T-Mobile accuses AT&T of trying to stifle competition for the government's 600MHz spectrum auction

T-Mobile accuses AT&T of trying to stifle competition for the government's 600MHz spectrum auction
Last month, we told you how a report from the Center for Public Integrity said that Verizon and AT&T are both relentlessly lobbying the FCC. The top two carriers in the U.S. are trying to influence the agency as it writes the rules for next year's auction of 600MHz spectrum. The main issue revolves around whether or not the FCC will put a cap on the amount of spectrum that one carrier can win. With plenty of money in the vault and plenty of influence in Washington, Verizon and AT&T are trying to get the FCC to allow any carrier to win as much spectrum as it can pay for. Sprint and T-Mobile, on the other hand, want to see a cap placed on the amount of spectrum one carrier can win at the auction.

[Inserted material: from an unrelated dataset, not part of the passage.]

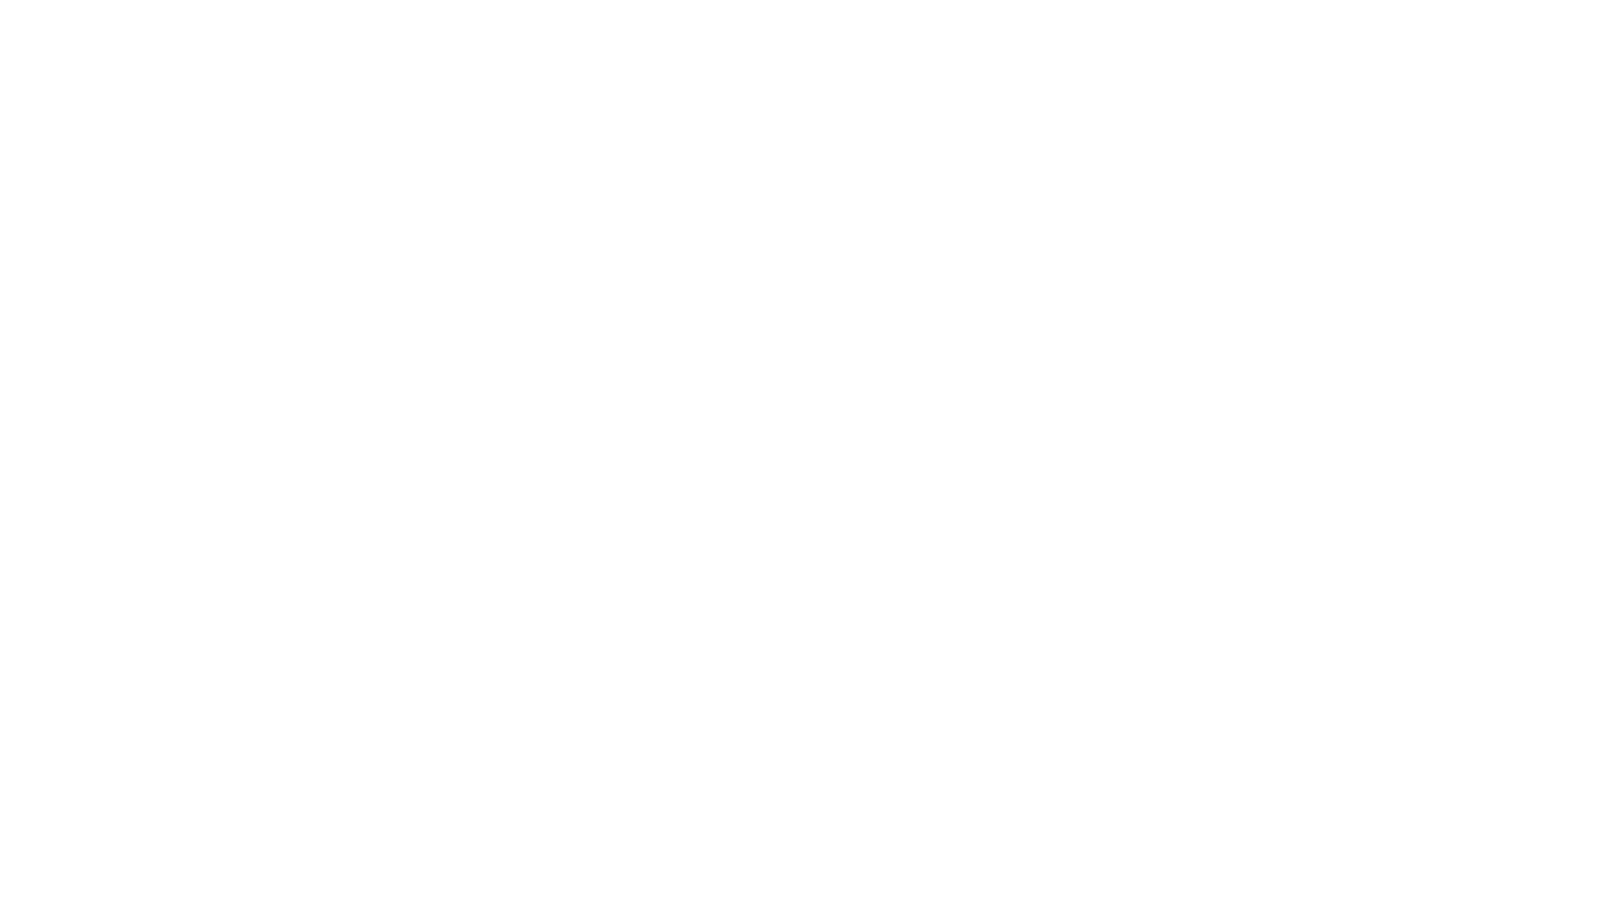 """Il Becco-a-Scarpa è unico nel suo genere. Monogamo e solitario, caccia immobile, in silenzio, per ore. Comunica con suoni """"simili a un muggito e pianti acuti"""". I pulcini più deboli vengono uccisi dai fratelli e ignorati dai genitori, che crescono un piccolo a nidiata. Al netto del suo aplomb da dinosauro, i Becchi-a-Scarpa sono gli schivi e docili cugini di secondo grado di Gonzo il Muppet e sono rimasti in pochi – fra i 5 e gli 8000 – per lo più in Tanzania e nello Zambia. Video tratto da un documentario della BBC. """"Ain't No Rest For The Wicked"""", Cage The Elephant."""

The reason for this hot and heavy battle has to do with the low-band 600MHz spectrum. Such low-band airwaves can travel for longer distances than higher band spectrum, and can more easily penetrate buildings. Verizon and AT&T control 74% of such low-band spectrum, while Sprint owns 12% and 2% belongs to T-Mobile.

AT&T's vice president of federal regulatory, Joan Marsh, wrote on the company blog on Wednesday that T-Mobile and Sprint should not be worried. Besides trying to persuade the FCC not to impose a cap on how much spectrum can be won by one carrier, AT&T does not want the government to set aside some of the valuable spectrum for smaller companies. Marsh wrote that based on the winning bids from the last auction, it would take $20 to 30 billion for one carrier to dominate the upcoming auction. The executive says that this is too high a price tag for one, or even two companies, to pay. As for the "set-aside," she says that holding spectrum for smaller carriers would only force AT&T and Verizon to bid against each other for a smaller amount of spectrum, raising costs in the industry. That could eventually lead to higher prices for consumers to pay for cellular service. She also wrote that by adding a cap on the amount of spectrum that can be won in the auction, the FCC would actually be minimizing the amount of revenue being raised by the government.


Kathleen Ham, vice president of federal regulatory affairs at T-Mobile, responded to Marsh's post by writing that only an auction with multiple bidders of every size will result in a competitive industry that benefits consumers. She added that AT&T continues to repeat the same message, which is that "sacrificing competition for duopoly is good public policy."


The FCC has a very tough decision ahead. No matter which way it decides, two carriers are going to feel like losers even before the auction starts.